Человек в черном жег бес-траву, а как же иначе. Бес-трава здесь — единственное, что горит. Горит очень медленно, блеклым масляным пламенем. Люди с приграничных земель говорили ему, что бесы живут даже в ее огне. Они, люди с границы, жгли бес-траву, но не смотрели на пламя. Они говорили, что, если смотреть на пламя, бесы тебя околдуют и утащат к себе. А потом какой-нибудь другой идиот, который тоже засмотрится на огонь, увидит там тебя.
Сожженная трава, еще один символ в уже знакомом идеографическом узоре, рассыпалась серой бессмыслицей под шарящей по кострищу рукой стрелка. Среди пепла не было ничего, лишь обгорелый кусочек бекона. Стрелок задумчиво его съел. Так было всегда. Уже два месяца он преследует человека в черном в этой пустыне, в нескончаемом, однообразном чистилище пустоты, и до сих пор не нашел ничего: только эти гигиенично-стерильные идеограммы пепла костров. Ни разу ему не попалось какой-нибудь банки, бутылки или же бурдюка (сам стрелок выкинул по дороге четыре штуки; просто выбросил, как змея сбрасывает отмершую кожу). Испражнений он тоже не видел. Наверное, человек в черном их зарывал.

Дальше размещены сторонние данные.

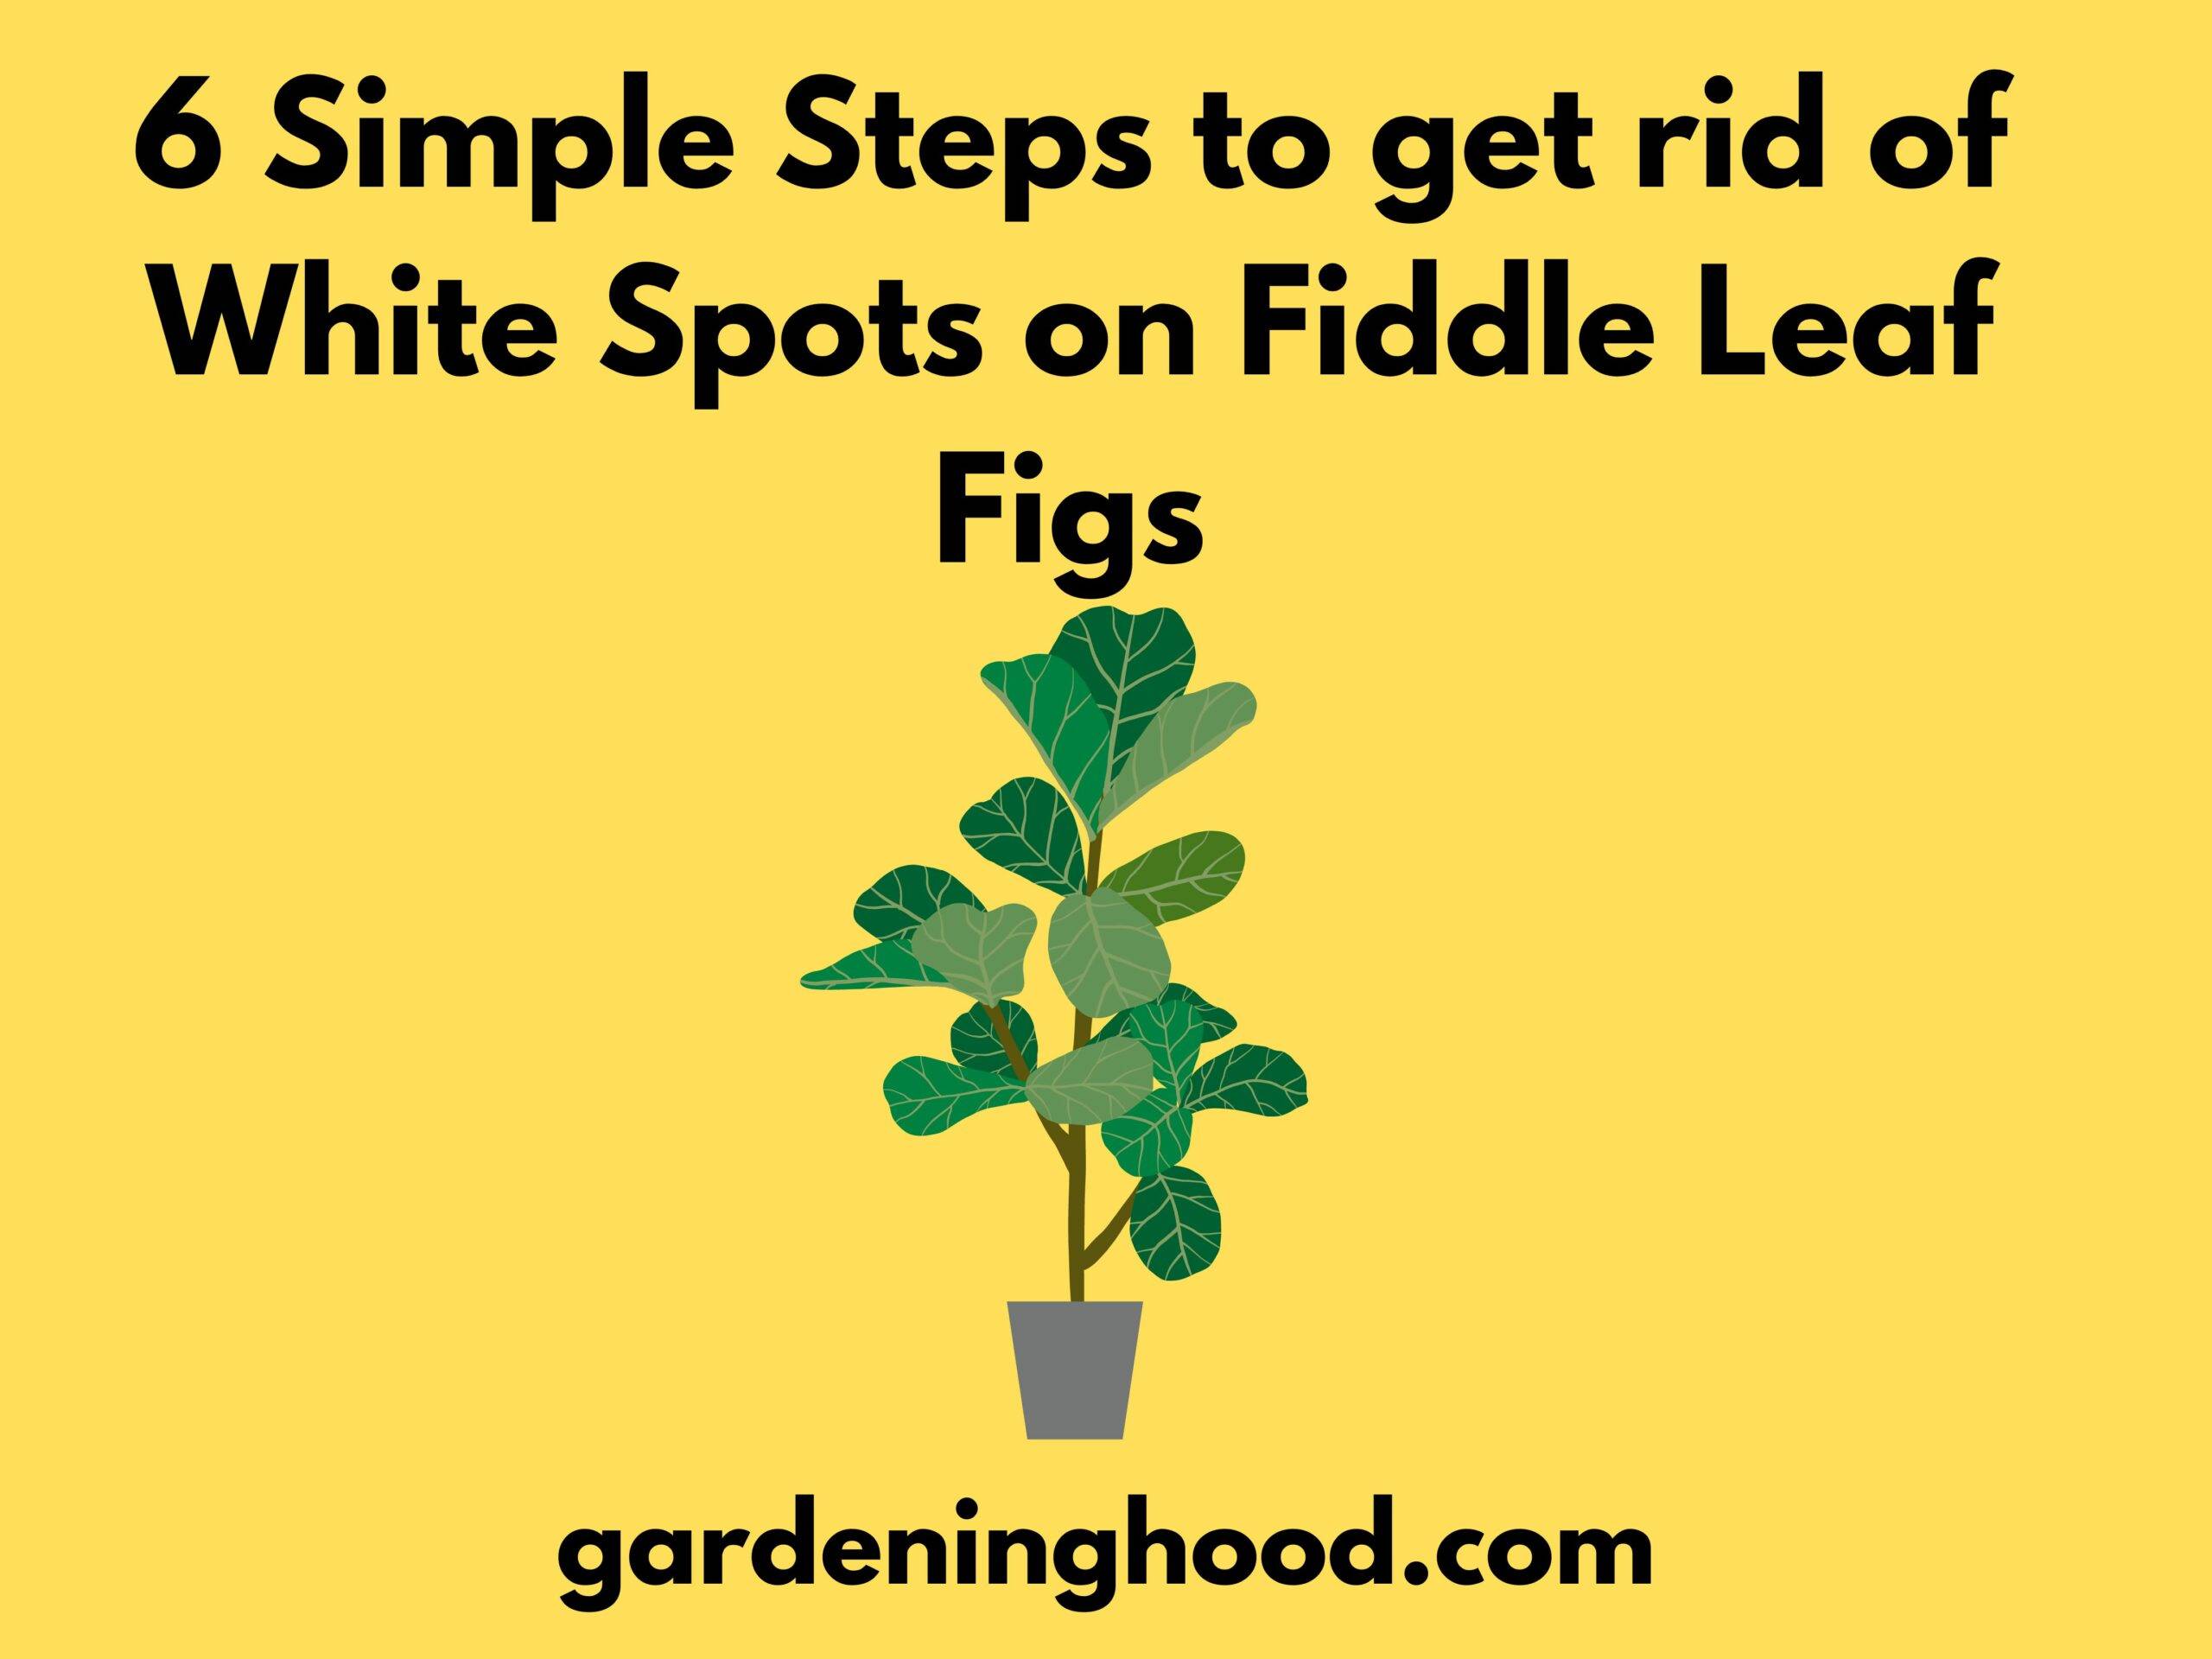 6 Simple Steps to get rid of White Spots on Fiddle Leaf Figs

А может быть, эти кострища — одна большая записка Высоким Слогом. По букве за раз. Кто его знает, что там написано.
Больше никаких следов; ветер, острый как бритва, давно срезал те бледные отпечатки, что могли удержаться на твердом сланце. Вообще ничего. Ни испражнений, ни мусора, никаких указаний на то, где их могли закопать. Ничего. Только эти остывшие кострища вдоль древней торной дороги, ведущей на юго-восток, и неумолимый дальномер у него в голове. Хотя, разумеется, было еще кое-что; притяжение юго-востока — это не просто движение в заданном направлении и не простой магнетизм.
Он уселся и позволил себе отхлебнуть воды из бурдюка. Он подумал о том мимолетном головокружении, когда ему вдруг показалось, что он почти не привязан к миру. Интересно, что это значит. И почему в связи с этим головокружением ему вспомнился его рог и последний из старых друзей, которых он потерял, обоих, давным-давно, у Иерихонского Холма. Ведь револьверы остались — револьверы его отца, — а это гораздо важнее, чем рог… или даже друзья.
Или нет?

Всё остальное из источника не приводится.